MET581 Lecture 05 Homework

Wrangling Data 3

Author

Matthew Bracher-Smith

Published

October 21, 2024

This document contains all questions for the lecture ‘Wrangling Data 3’. Please create a Quarto document containing all text, code and output used to answer the questions.

1 Factors

  1. When does fct_lump() stop adding levels into “other”?

  2. Load the gss_cat dataframe and get a summary to see if the amount of tv hours per day affects the political party a person belongs to.

  3. Repeat the previous exercise, but this time merge all the “other party” levels into a single option and reorder the factor by the average tv hours per day.

You have a vector of categorical data that has a natural order to it, and you want to use in a regression model. The vector is c(‘Some’, ‘All’, ‘None’, ‘Half’, ‘Most’, ‘Most’, ‘Most’, ‘All’, ‘Some’, ‘None’). Create a factor from this vector by pasting it into the factor() function and assign to a variable.

  1. You’re concerned to make sure that ‘None’ is set as the baseline. Check the coding for regression problems with contrasts() and print the output.

  2. Why are the levels in this order by default?

  3. Re-order the levels of this factor to go from ‘None’ to ‘All’ in increasing amount

2 Functions

  1. Can you tell which of the arguments of myFunction are mandatory and which are optional?
myFunction <- function(x, y, verbose = FALSE){
  result <- x ** y
  if (verbose){
    print(result)
  }
  return(result)
}
  1. What will be the output of the previous function if we type the following command myFunction(2, 3, TRUE)?
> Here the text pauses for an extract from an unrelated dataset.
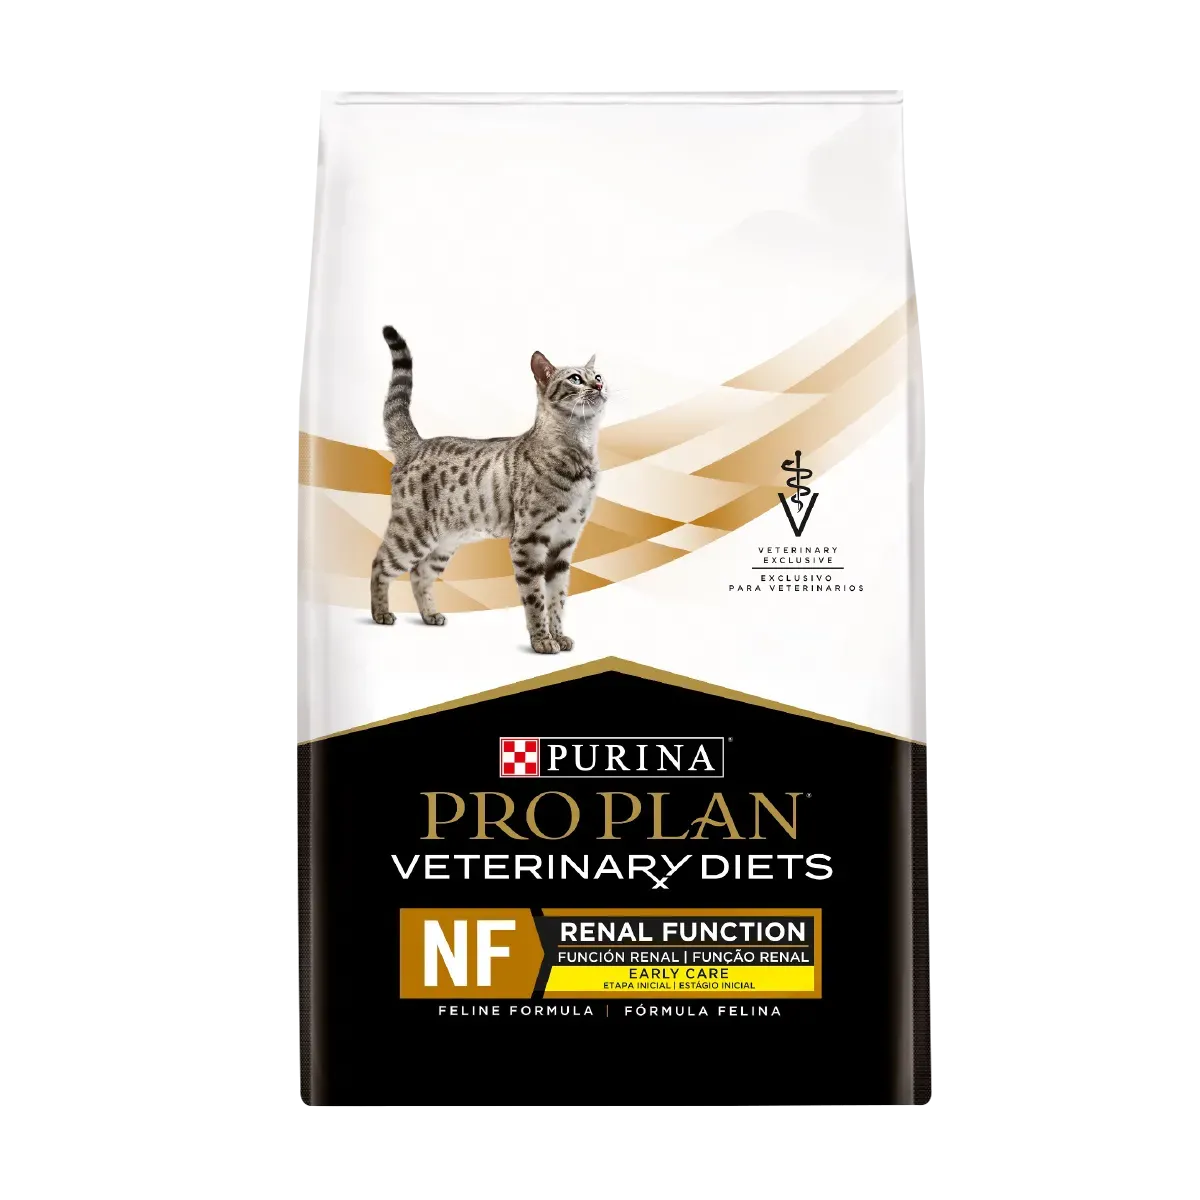 purina-pro-plan-veterinay-diets-cat-nf-renal-function-early-care.webp

Try to do it without running the code.

  2. Write any_na(), a function that takes two vectors of the same length and returns the number of positions that have an NA in, at least, one of the vectors.

  3. Write complementary(), a function that takes a DNA strand of variable length and returns its complementary strand.

  4. Write a function that transcribes and translates a DNA strand into its corresponding protein sequence. You can assume that the length of the input DNA strand is a multiple of 3.